How does Python manage memory (reference counting and the garbage collector)?

7 minadvancedmemorygarbage-collectionreference-counting

Quick Answer

CPython's primary memory management is **reference counting**: every object tracks how many references point to it, and is freed immediately when that count hits zero. This can't reclaim **reference cycles** (objects referencing each other in a loop), so CPython adds a secondary **generational cyclic garbage collector** that periodically scans for and collects unreachable cycles the refcounter alone would miss.

Detailed Answer

Reference counting: the primary mechanism

import sys

a = [1, 2, 3]
sys.getrefcount(a)   # 2 -- one for `a`, one for the getrefcount() argument itself

b = a                 # refcount incremented
sys.getrefcount(a)    # 3

del b                  # refcount decremented
sys.getrefcount(a)     # back to 2

del a                   # refcount hits 0 (ignoring the getrefcount call itself) -- freed IMMEDIATELY

Every object has a counter tracking how many references point to it. Every new reference (assignment, passing as an argument, appending to a container) increments it; every reference going away (del, reassignment, falling out of scope) decrements it. The moment it hits zero, CPython frees the object's memory immediately — deterministically, unlike generational-only garbage collectors in some other languages.

The gap: reference cycles

class Node:
    def __init__(self):
        self.parent = None
        self.child = None

a = Node()
b = Node()
a.child = b
b.parent = a          # a references b, b references a -- a cycle

del a
del b
# a and b's refcounts never reach 0! each still holds one reference
# from the other -- refcounting ALONE can never free this cycle.
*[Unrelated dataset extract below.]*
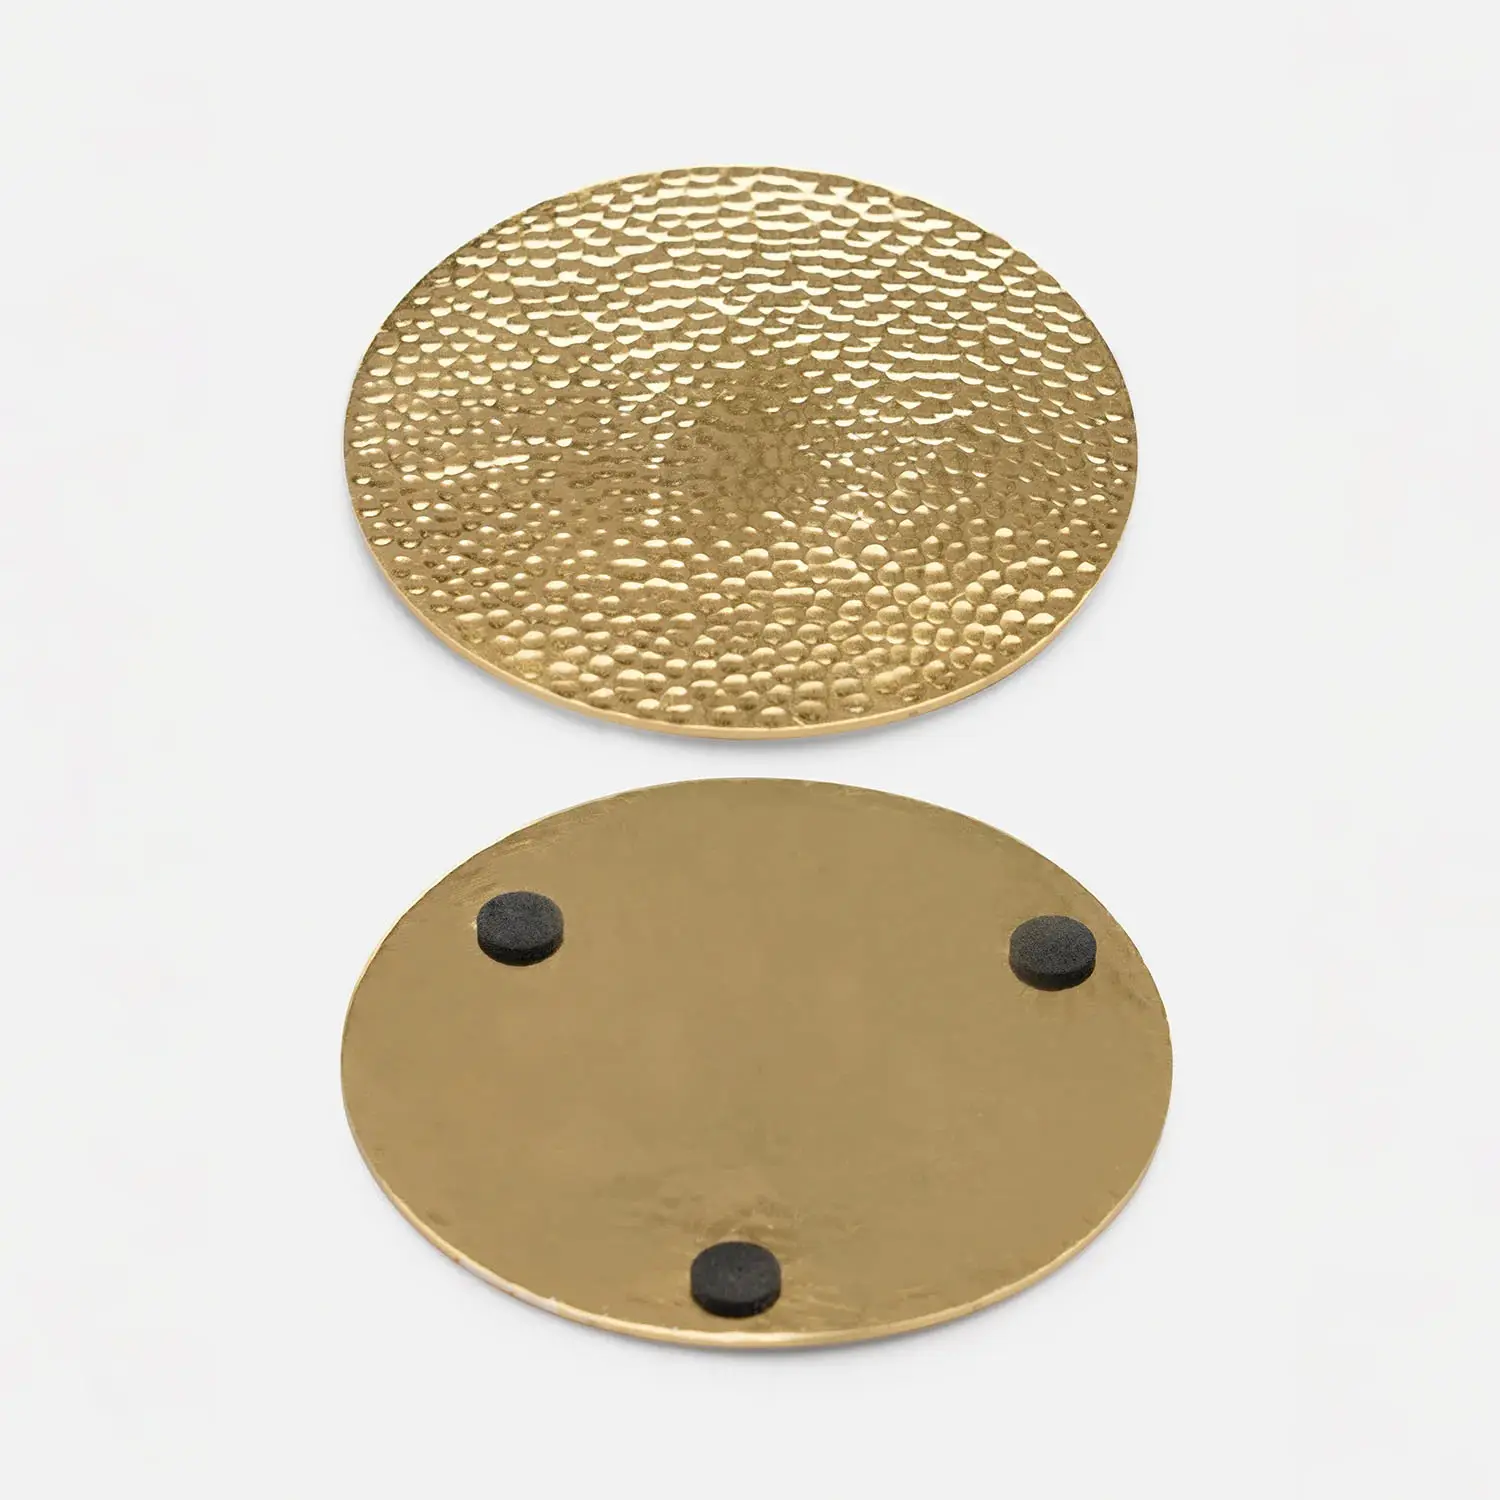 Hot Selling Custom Set of 4 Gold Metal Hammered Round Cup Coasters for Home Bar Office Table Mats & Pads At Wholesale Price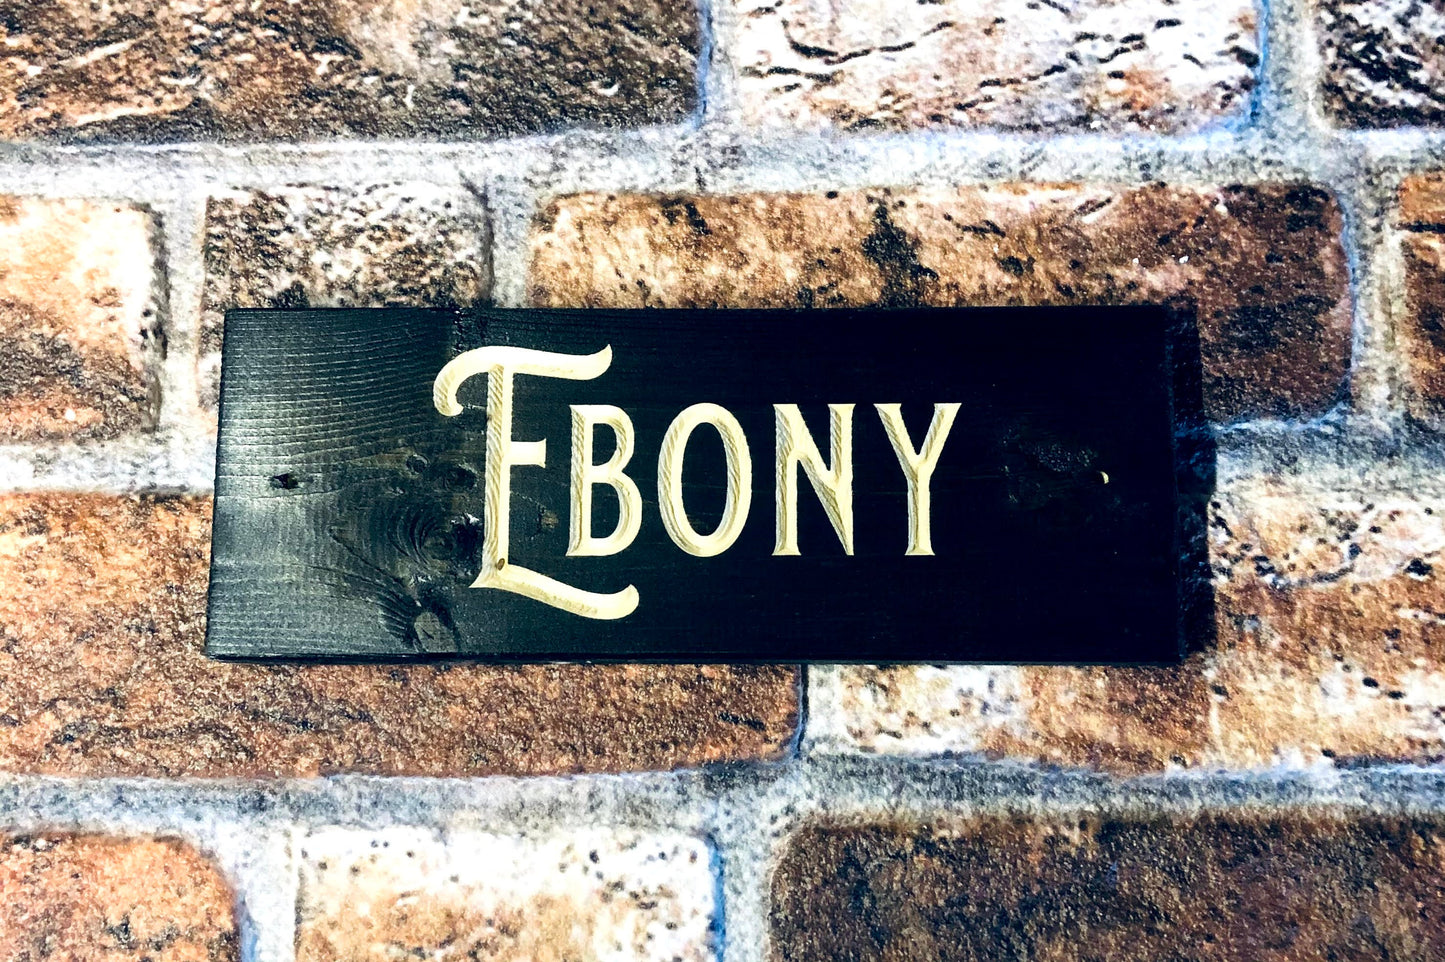 Personalised Horse Stable/Stall Name Sign - Black River Ebony

Even after both a and b go out of scope from the program's perspective, they still reference each other, so neither refcount ever reaches zero through refcounting alone — this is exactly the gap the cyclic garbage collector exists to close.

The generational cyclic GC: the secondary mechanism

import gc

gc.collect()          # force a collection cycle
gc.get_stats()         # per-generation collection stats

CPython periodically runs a generational mark-and-sweep-style collector (three generations: 0, 1, 2) that specifically looks for groups of objects that reference each other but are unreachable from anything else in the program, and frees them together. New objects start in generation 0; objects that survive a collection are promoted to older generations, which are scanned less frequently (since long-lived objects are statistically less likely to become garbage soon) — this generational strategy keeps the overhead of cycle detection low for typical workloads.

Why this two-tier design

Reference counting alone is simple and gives instant, deterministic cleanup for the overwhelming majority of objects (no cycles involved), but can't handle cycles. A purely generational/tracing collector (like many other managed-memory languages use) can handle cycles but gives up deterministic, immediate cleanup. CPython's design gets the best of both: immediate cleanup for the common case, periodic cycle detection as a backstop for the rest.

Interview-ready summary: CPython frees most objects immediately via reference counting the moment their refcount hits zero; a supplementary generational garbage collector runs periodically to detect and free reference cycles that counting alone can never resolve, since a cycle's member objects each keep the others' refcounts above zero indefinitely.